A different way to develop a similar comparison is to start with models of the data from each class. If the models define a probability distribution over possible values, the models are generative models.
What shape model would you like?
As discussed in earlier lectures, a Gaussian, or Normal distribution, is a nice choice. Its integral sums to one, its value is always nonnegative, and the derivative of its natural logarithm is very nice.
$$ p(\xv) = \frac{1}{2\pi^{d/2} |\Sigmav |^{1/2}} e^{-\frac{1}{2} (\xv-\muv)^T \Sigmav^{-1} (\xv - \muv)} $$where mean $\muv$ is a $d$-dimensional column vector and covariance matrix $\Sigmav$ is a $d\times d$ symmetric matrix.
Back to that Masking Problem.. What function shape were you thinking of that might fix the masking problem?
Radial basis function? Good choice! But, remember what a radial basis function resembles?
Right again! A Normal distribution.
So, let's say we come up with the generative distribution, such as a Normal distribution, for Class $k$, called $p(\xv|Class=k)$, or $p(\xv|C=k)$. How do we use it to classify?
Can just take the distribution with the highest value, $\argmax{k}\; p(\xv|C=k)$. But we can do better than this...think Bayes' Rule.
Ultimately we would like to know $p(C=k|\xv)$. How do we get this from $p(\xv|C=k)$?
Remember that
$$ \begin{align*} p(C=k,\xv) = p(C=k|\xv)p(\xv) = p(\xv|C=k)p(C=k) \end{align*} $$so
$$ \begin{align*} p(C=k|\xv) &= \frac{p(\xv|C=k)p(C=k)}{p(\xv)}\\ \\ &= \frac{p(\xv|C=k)p(C=k)}{\sum_{k=1}^K p(\xv,C=k)}\\ \\ &= \frac{p(\xv|C=k)p(C=k)}{\sum_{k=1}^K p(\xv|C=k)p(C=k)} \end{align*} $$For two classes, $k\in \{1,2\}$. We will classify a sample $\xv$ as Class 2 if $p(C=2|\xv) > p(C=1|\xv)$. Now expand and simplify...

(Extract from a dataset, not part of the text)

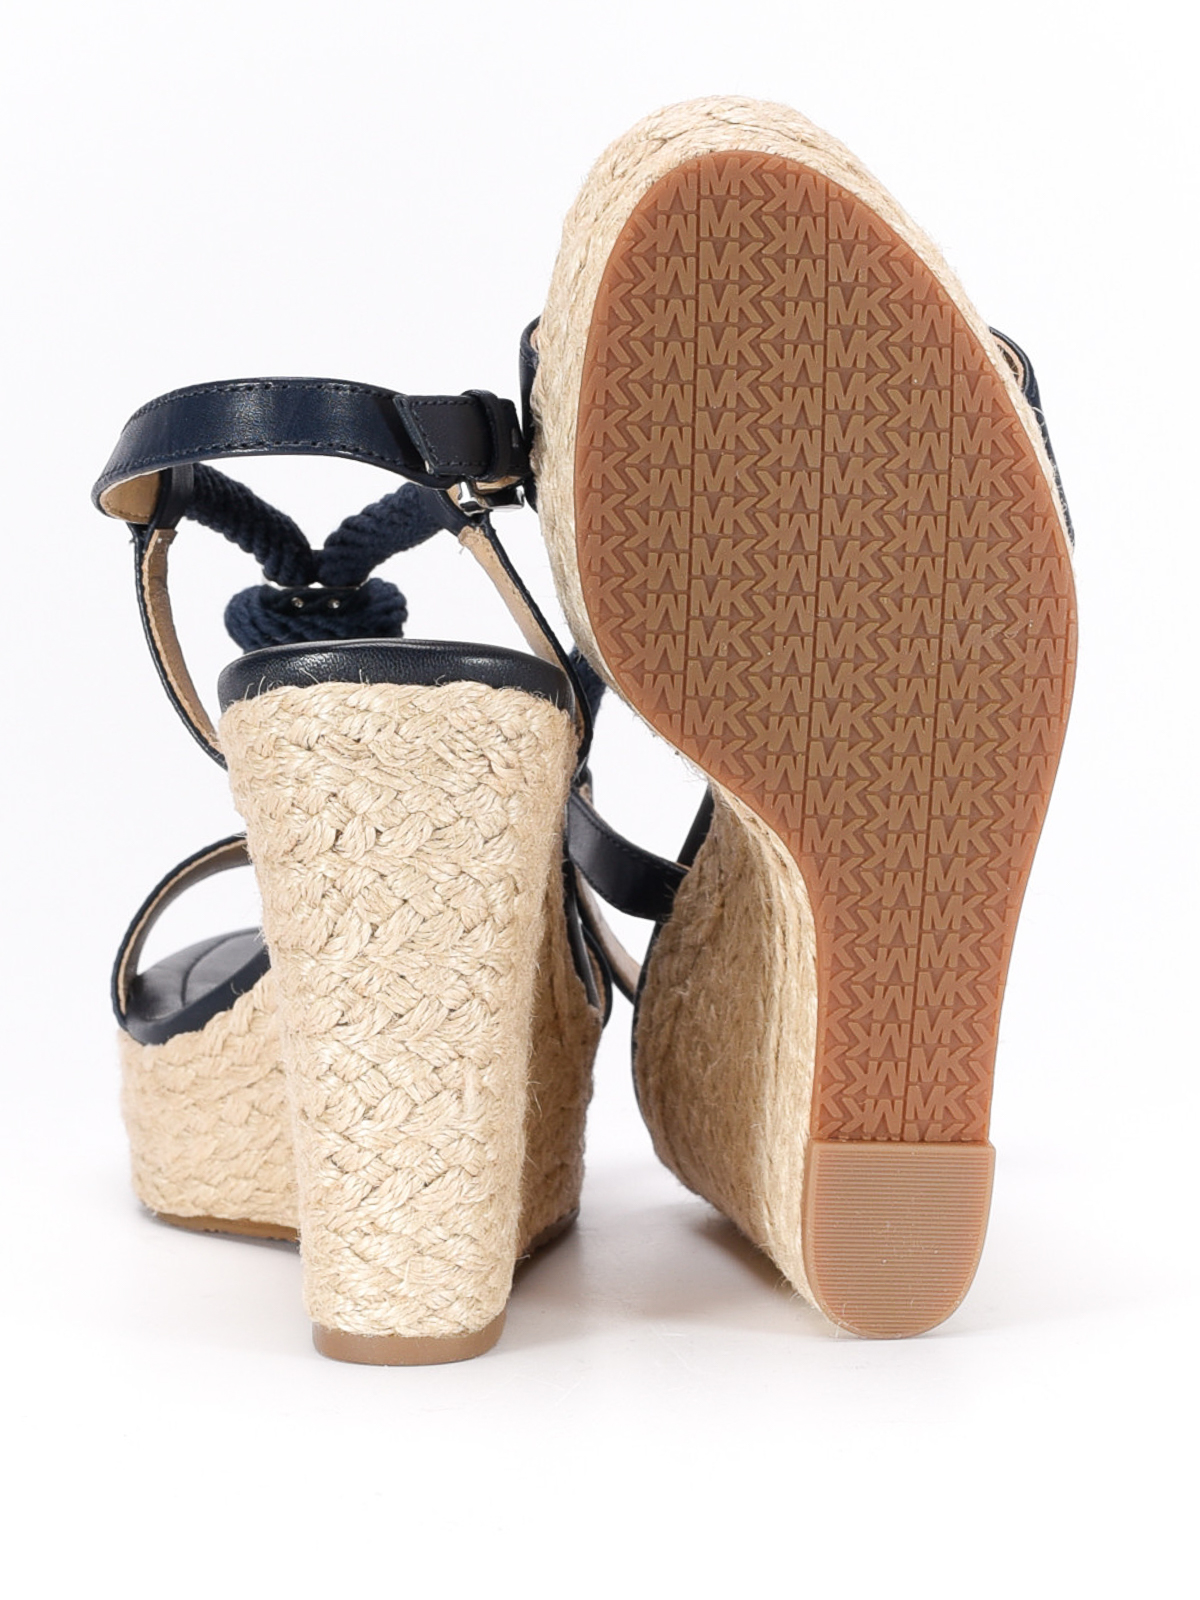 Sandals Michael Kors - Holly knot detail wedges - 40S6HOHA2L

$$ \begin{align*} p(C=2|\xv) &> p(C=1|\xv)\\ \\ \frac{p(\xv|C=2)p(C=2)}{p(\xv)} &> \frac{p(\xv|C=1)p(C=1)}{p(\xv)} \\ \\ p(\xv|C=2)p(C=2) &> p(\xv|C=1)p(C=1) \end{align*} $$Using our assumption that the generative distribution for each class is a Normal distribution,
$$ \begin{align*} p(\xv|C=2) p(C=2) &> p(\xv|C=1)p(C=1) \\ \\ \frac{1}{(2\pi)^{\frac{d}{2}} |\Sigma_2|^{\frac{1}{2}}} e^{-\frac{1}{2}(\xv-\muv_2)^T \Sigma_2^{-1} (\xv-\muv_2)} p(C=2) & > \frac{1}{(2\pi)^{\frac{d}{2}} |\Sigma_1|^{\frac{1}{2}}} e^{-\frac{1}{2}(\xv-\muv_1)^T \Sigma_1^{-1} (\xv-\muv_1)} p(C=1) \\ \\ |\Sigma_2|^{-\frac{1}{2}} e^{-\frac{1}{2}(\xv-\muv_2)^T \Sigma_2^{-1} (\xv-\muv_2)} p(C=2) & > |\Sigma_1|^{-\frac{1}{2}} e^{-\frac{1}{2}(\xv-\muv_1)^T \Sigma_1^{-1} (\xv-\muv_1)} p(C=1) \\ \end{align*} $$Hey, there are multiplications and exponentials here. Let's use logarithms!

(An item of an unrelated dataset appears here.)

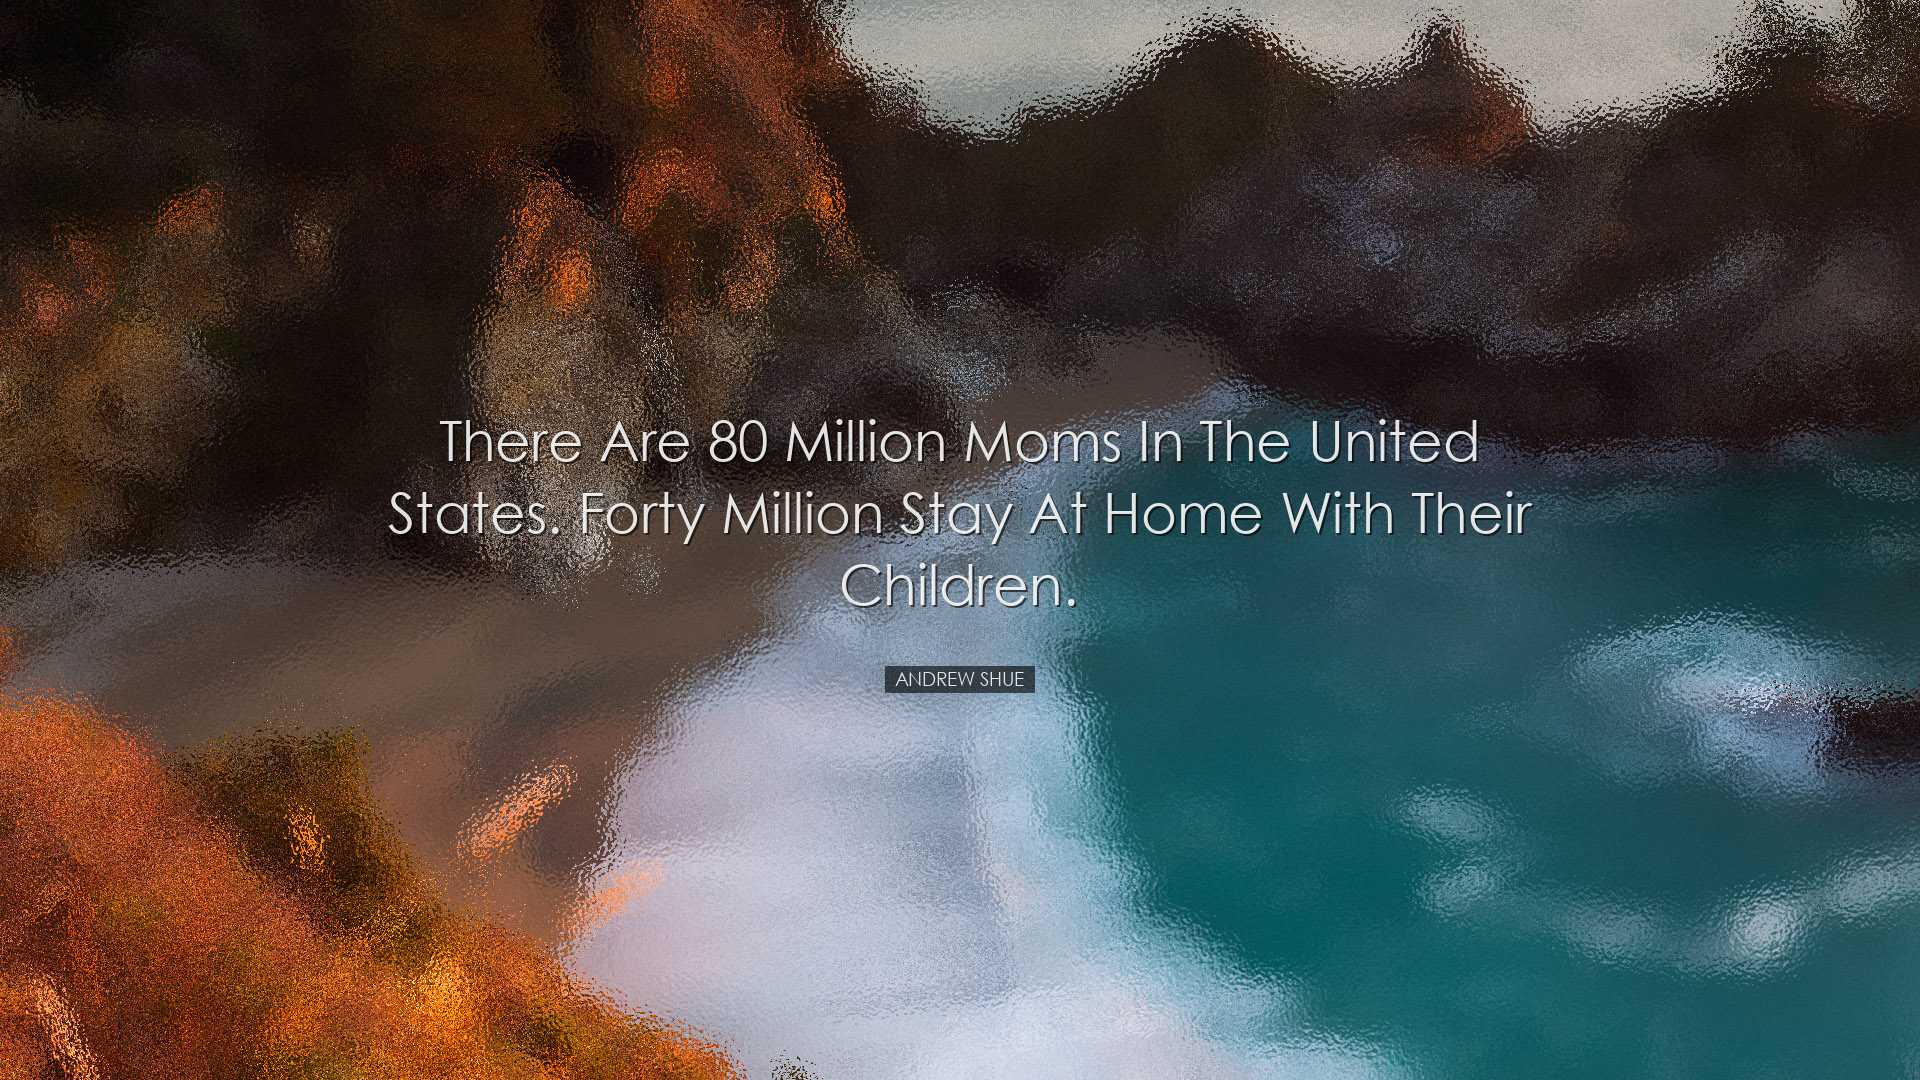 There are 80 million moms in the United States. Forty million stay

$$ \begin{align*} |\Sigma_2|^{-\frac{1}{2}} e^{-\frac{1}{2}(\xv-\muv_2)^T \Sigma_2^{-1} (\xv-\muv_2)} p(C=2) & > |\Sigma_1|^{-\frac{1}{2}} e^{-\frac{1}{2}(\xv-\muv_1)^T \Sigma_1^{-1} (\xv-\muv_1)} p(C=1) \\ \\ -\frac{1}{2} \ln |\Sigma_2| + -\frac{1}{2}(\xv-\muv_2)^T \Sigma_2^{-1} (\xv-\muv_2) + \ln p(C=2) & > -\frac{1}{2} \ln |\Sigma_1| + -\frac{1}{2}(\xv-\muv_1)^T \Sigma_1^{-1} (\xv-\muv_1) + \ln p(C=1) \end{align*} $$If we define each side of this last inequality as a discriminant function, $\delta_k(\xv)$ for Class $k$, then
$$ \begin{align*} \delta_k(\xv) = -\frac{1}{2} \ln |\Sigma_k| -\frac{1}{2}(\xv-\muv_k)^T \Sigma_k^{-1} (\xv-\muv_k) + \ln P(C=k) \end{align*} $$and the class of a new sample $\xv$ is $\argmax{k}\; \delta_k(\xv)$.

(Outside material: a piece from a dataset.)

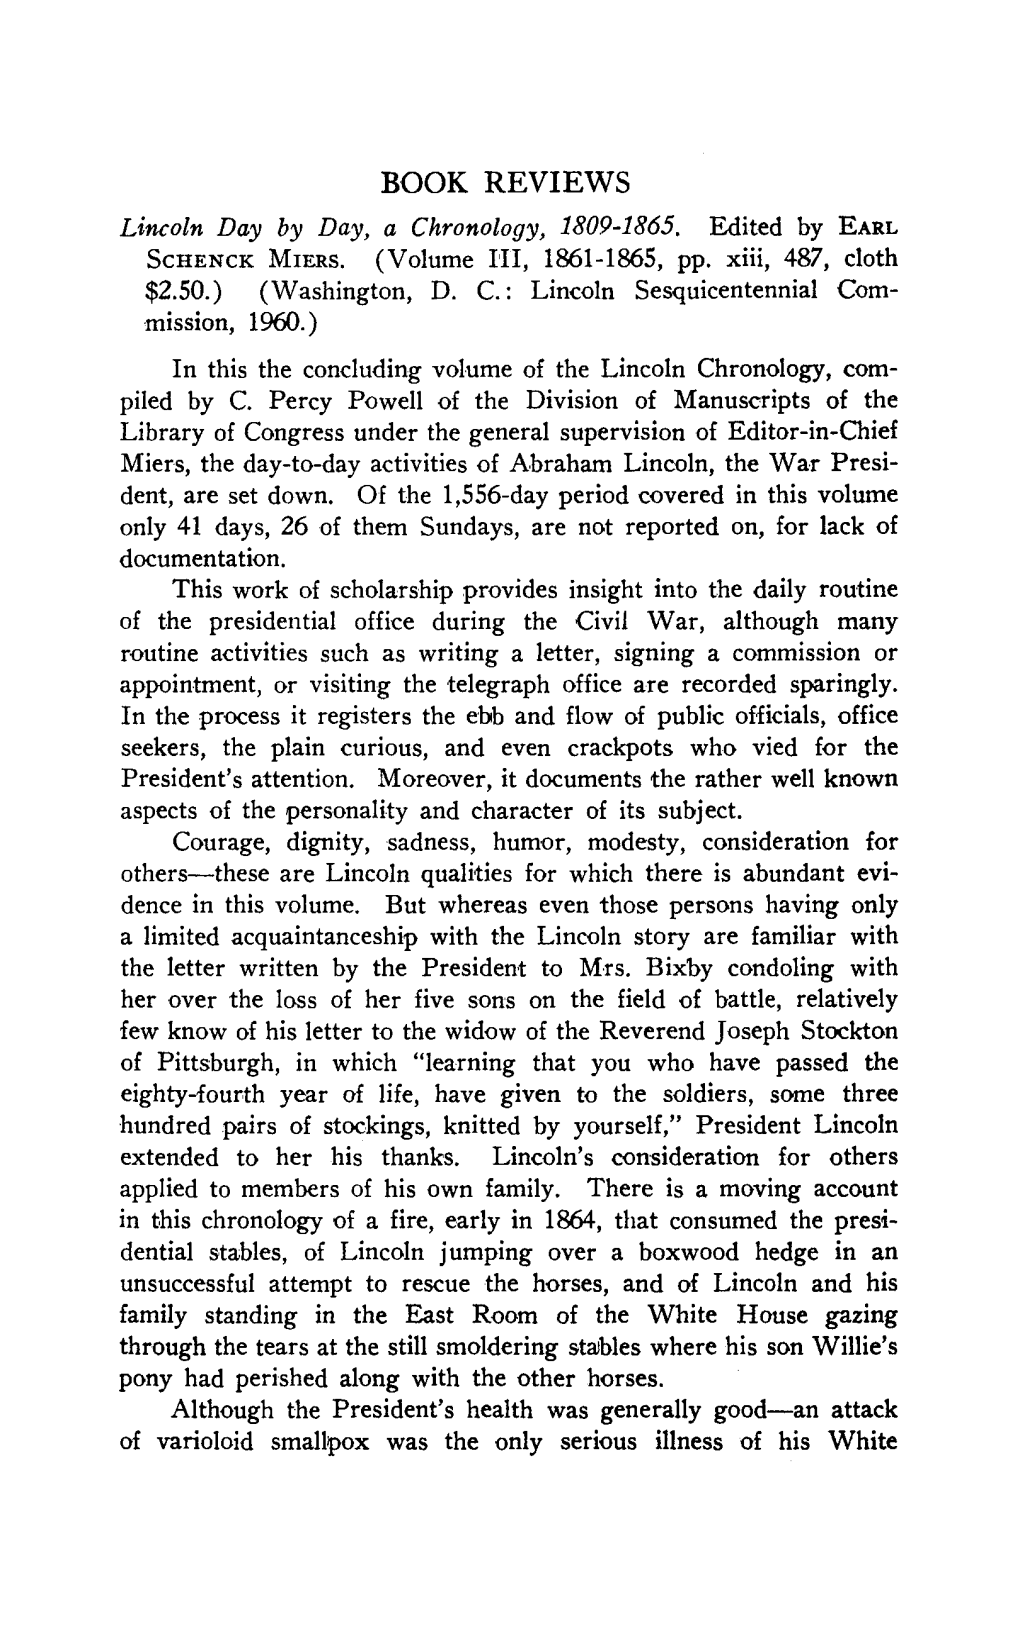 BOOK REVIEWS Lincoln Day by Day, a Chronology, 1809-1865, Edited by Earl Schenck Miers

The boundary between Class 1 and Class 2 is the set of points $\xv$ for which $\delta_2(\xv) = \delta_1(\xv)$. This equation is quadratic in $\xv$, meaning that the boundary between Class 1 and 2 is quadratic. We have just defined Quadratic Discriminant Analysis, or QDA.
Now, some Python fun with QDA. First, let's make some data. Let it be $D$ dimensional so we can vary the dimensionality of the data.
In [29]:
D = 1 # number of components in each sample
N = 10 # number of samples in each class
X1 = np.random.normal(0.0, 1.0, (N, D))
T1 = np.array([1]*N).reshape((N, 1))
X2 = np.random.normal(4.0, 1.5, (N, D)) # wider variance
T2 = np.array([2]*N).reshape((N, 1))
data = np.hstack(( np.vstack((X1, X2)), np.vstack((T1, T2))))
data.shape
Out[29]:
Now imagine we only have data and don't know how it was generated. We don't know the mean and covariance of the two classes. Data looks like
In [30]:
data
Out[30]:
Start as before. Separate into input columns and target column. The target is now an integer representing the class. And let's standardize the inputs.
In [31]:
X = data[:, 0:D]
T = data[:, -1:]
means = np.mean(X, 0)
stds = np.std(X, 0)
Xs = (X - means) / stds
In [32]:
Xs.mean(0), Xs.std(0)
Out[32]:
Now we need a QDA discriminant function. Here is the math again.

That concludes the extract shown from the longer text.